A CROOKED funeral director jailed for stealing money relatives had paid him to bury their loved ones has been back before the court after taking items from a pub he was running.
Serial conman Christopher Westcott was jailed five years ago for stealing cash put aside by the elderly and dying for their burials when he ran Cathedral Funeral Services in Durham.
He also diverted a phone line from a rival undertaker so he could steal business from him.
Following his release from a three-and- a-half -year prison sentence Westcott, 47, turned his hand to the pub trade.
And yesterday he was sentenced at Durham Crown Court for offences of theft.
Westcott admitted the theft of more than £500 of fixtures and fittings from the Travellers Rest pub in Burnopfield, County Durham, which he ran with his partner Andrew Wright-Morrow for a few months in 2010.
Westcott, who now lives in Powlett Street, Darlington, took away £540 worth of gear from the pub in The Leazes, Burnopfield, County Durham, before quitting his job as manager there.
The items he has admitted stealing from Scottish and Newcastle Breweries included bar stools, bench seats, stools, patio doors, pictures of local scenes and a portrait of Colonel James Herbert Porter who refined the recipe for Newcastle Brown Ale.
Katherine Dunn, prosecuting, said a barmaid asked why he was removing items from the pub before leaving, and he told her he was organising a barbecue. She said: “He is clearly a dishonest man who received sentences for dishonesty.”
Ms Dunn said Westcott had been convicted in November 2005 of stealing money from grieving relatives paid to him to bury their elderly loved ones and was jailed the following year.
He had been operating Cathedral Funeral Services in Front Street, Framwellgate Moor, Durham, and advertised the firm as “a Christian organisation firmly believing in giving our best to our clients”.
But instead Westcott pocketed the cash. The sums involved ranged from between £1,125 and £1,695 which was taken from customers pre-paying by instalments for the funerals of their elderly relatives.
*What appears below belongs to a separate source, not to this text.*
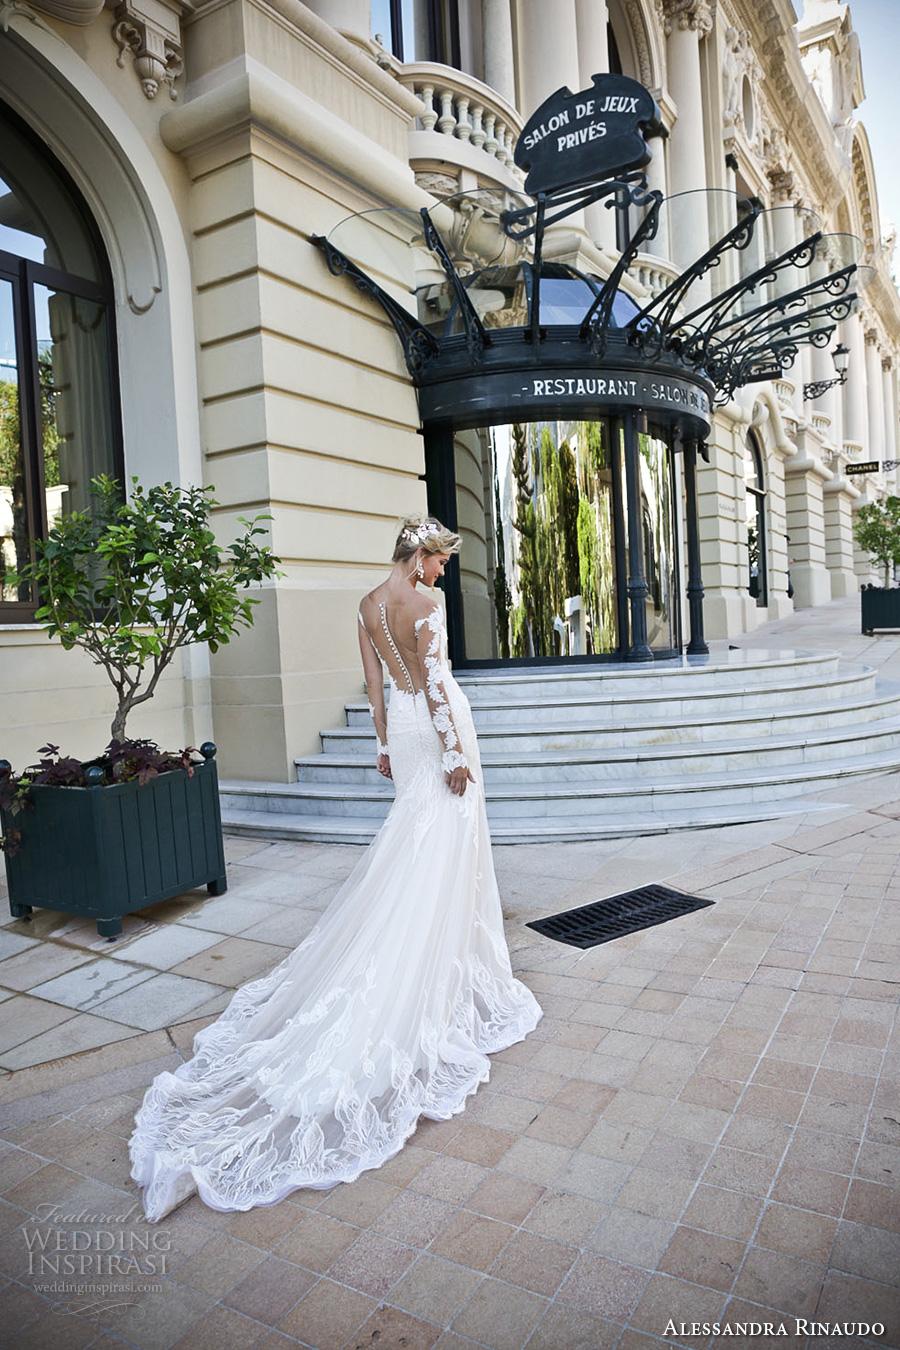 alessandra rinaudo 2017 bridal lace long sleeves illusion boat sweetheart neckline elegant fit and flare wedding dress illusion low back long train (15) bv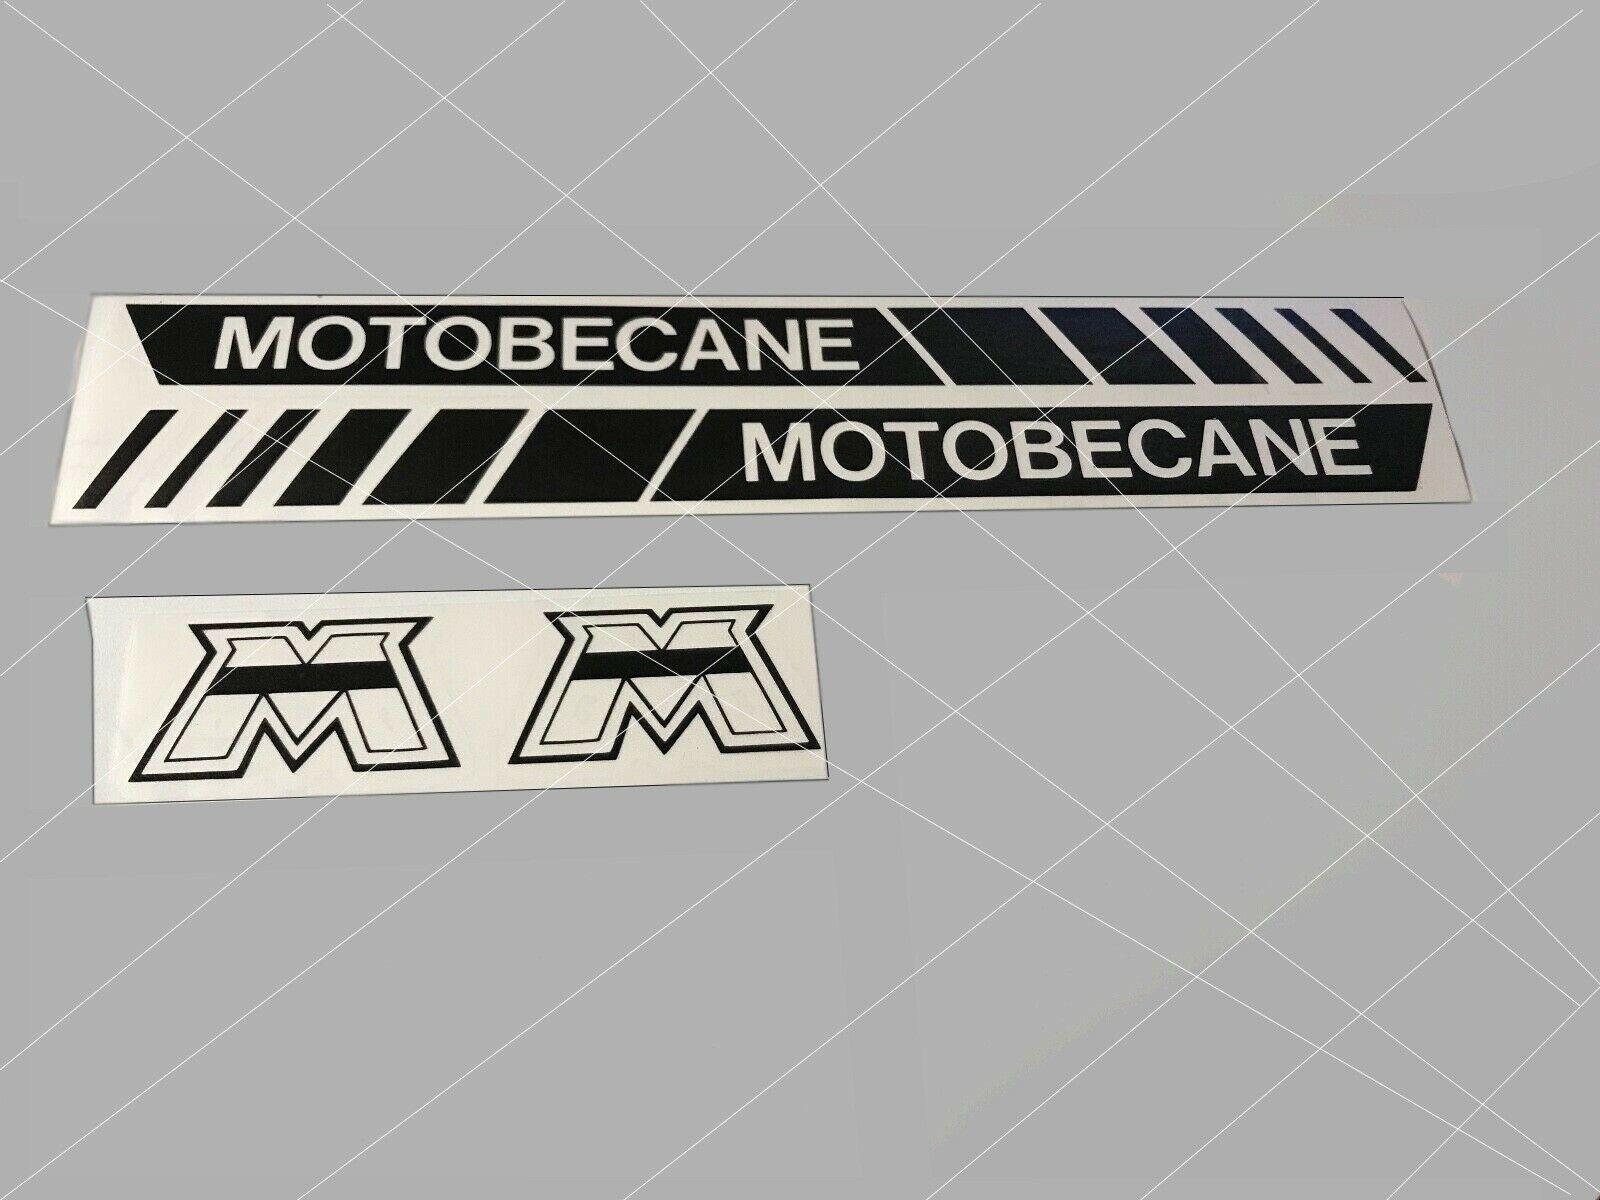 AUTOCOLLANTS CADRE RESERVOIR MOTOBECANE+M .MOTOBECANE Mbk 51 motobecane

He has a long history of dishonesty. The conman was given a six-month jail term at Newcastle Crown Court in April, 1989, for four counts each of theft and obtaining by deception. He asked for 58 similar offences to be taken into consideration.
In August 2003, Gateshead magistrates fined him £1,200, with an order to pay £118 costs, for attempting to obtain by deception.
He was convicted at Durham Crown Court in 2003 for defrauding a former business partner in the funeral service, by setting up on his own and having that man’s phone calls diverted to Cathedral Funeral Services.
When clients asked to speak to his former partner, whom they believed they were calling, Westcott told them he was no longer in the funeral business and had instead gone to Spain to drive buses.
On that occasion he was given a 160-hour community punishment order and ordered to pay £595 compensation for two counts of obtaining by deception.
Yesterday Recorder Martin Bethel, presiding at Durham Crown Court, told Westcott: “You have a bad record for offences of dishonesty and I am reluctant to let you go scot free. This offence is another blip on your record.”
But he spared him jail after his barrister, Andrew Findlay, said he had promised to pay back all the money he had stolen from the brewery. Instead he was sentenced to a six-month community order with six months’ supervision.